## What the task requires
The answer should hold only the lines from the one that contains "We the Children: Benjamin" through the last line of the material, repeated exactly, without pictures.

## Data excerpt

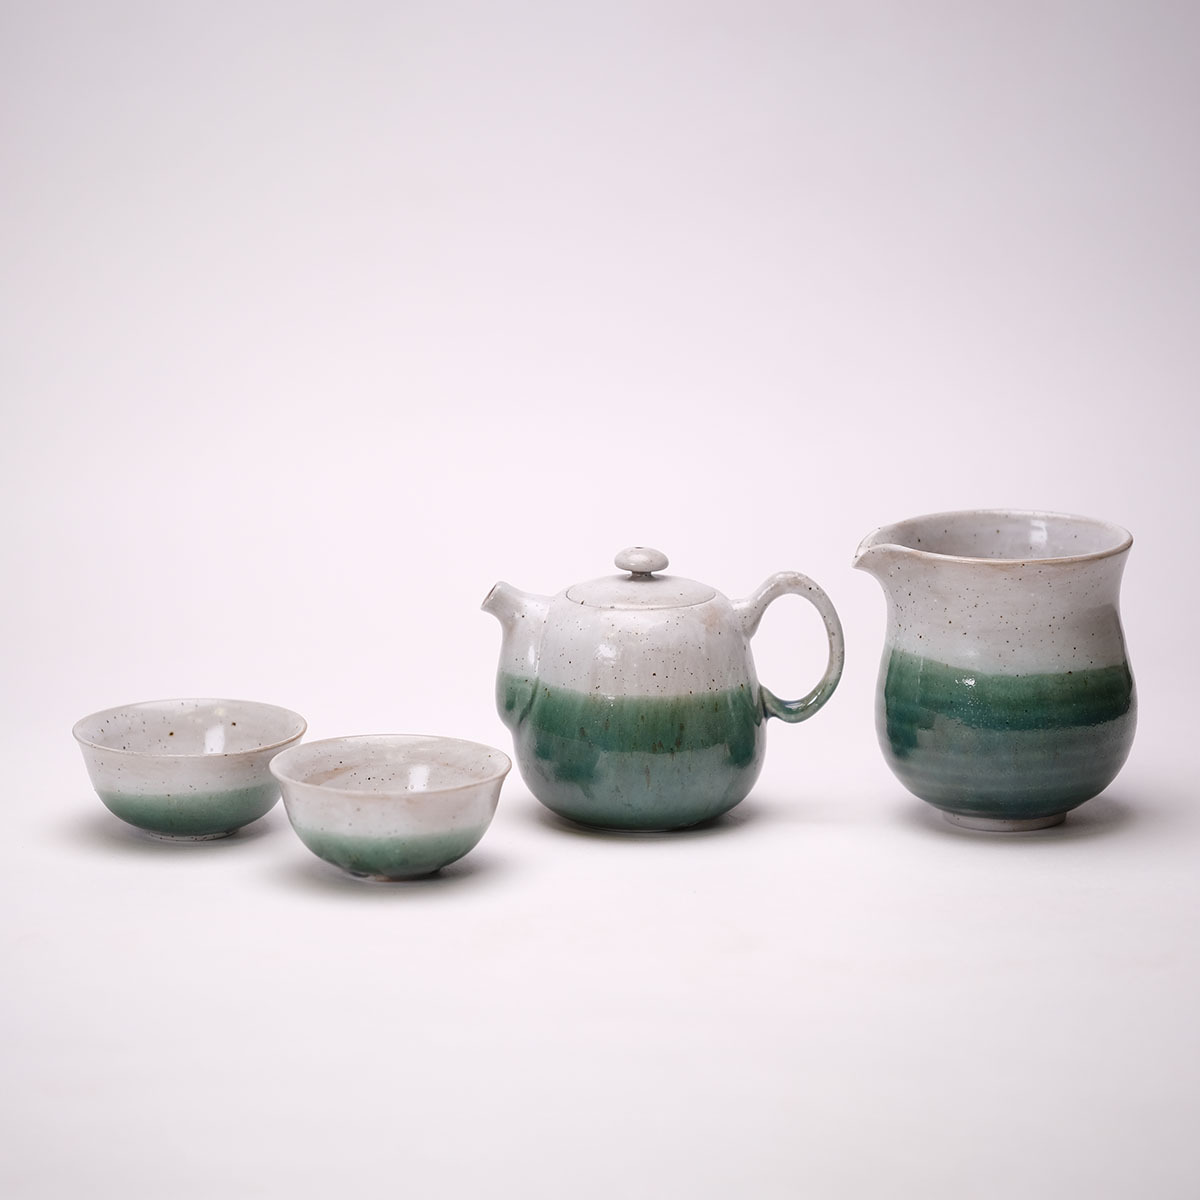 LIN'S CERAMICS STUDIO│Taiwan New Hundred Teapots
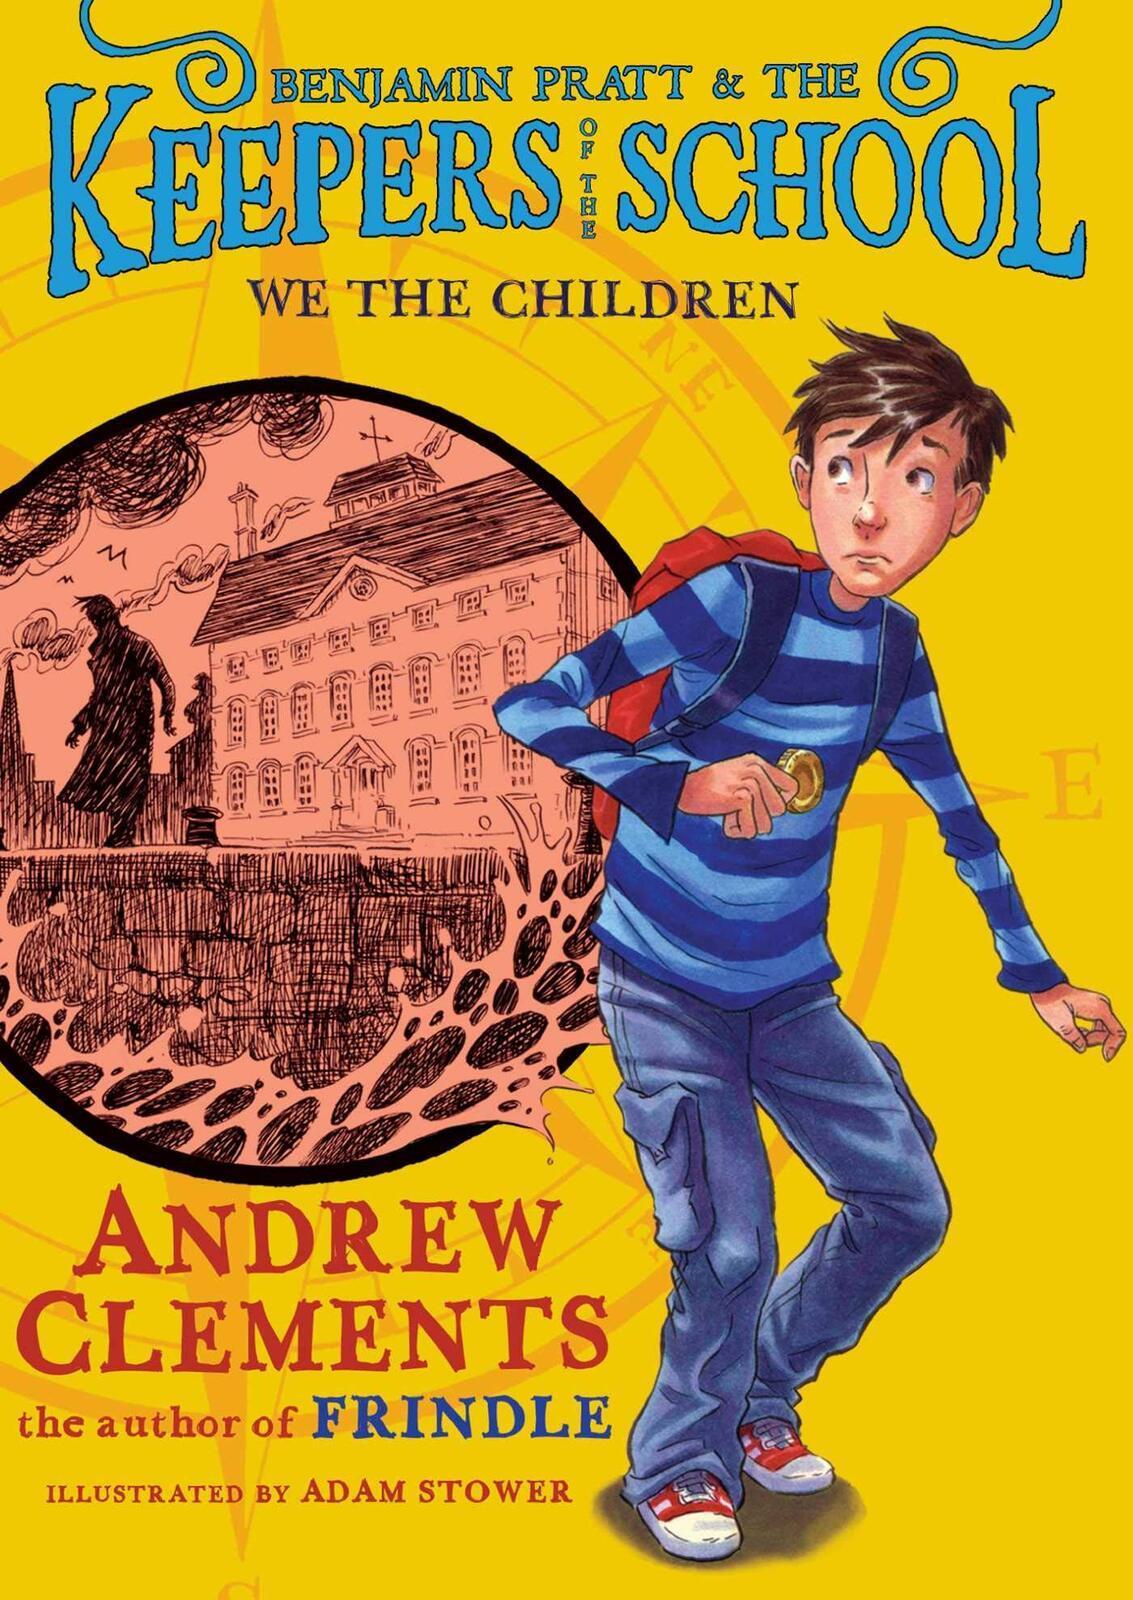 We the Children: Benjamin Pratt and the Keepers of the School Hardcover Book
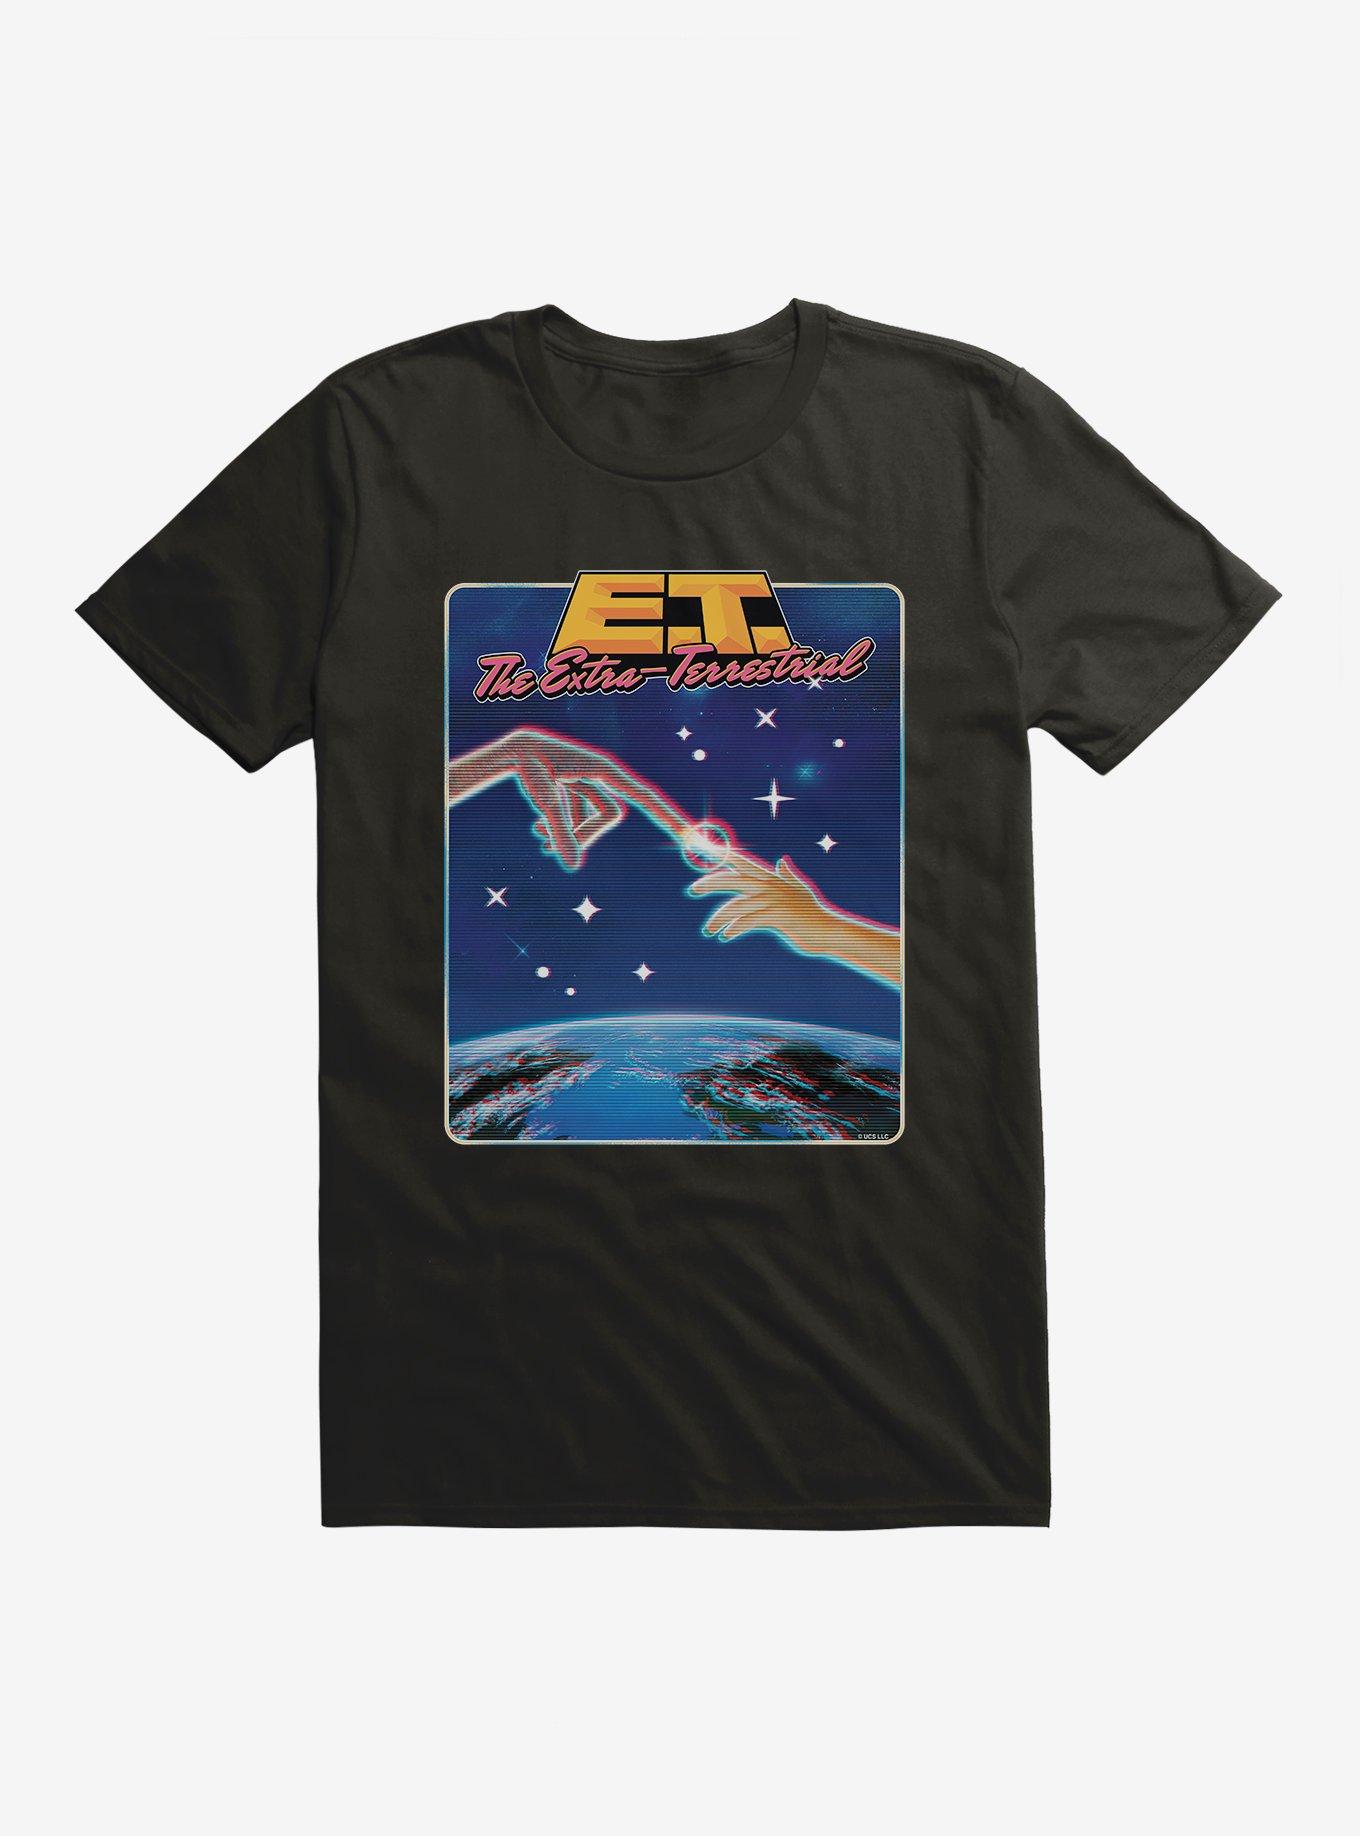 E.T. The Connection T-Shirt

## Task response
 We the Children: Benjamin Pratt and the Keepers of the School Hardcover Book
 E.T. The Connection T-Shirt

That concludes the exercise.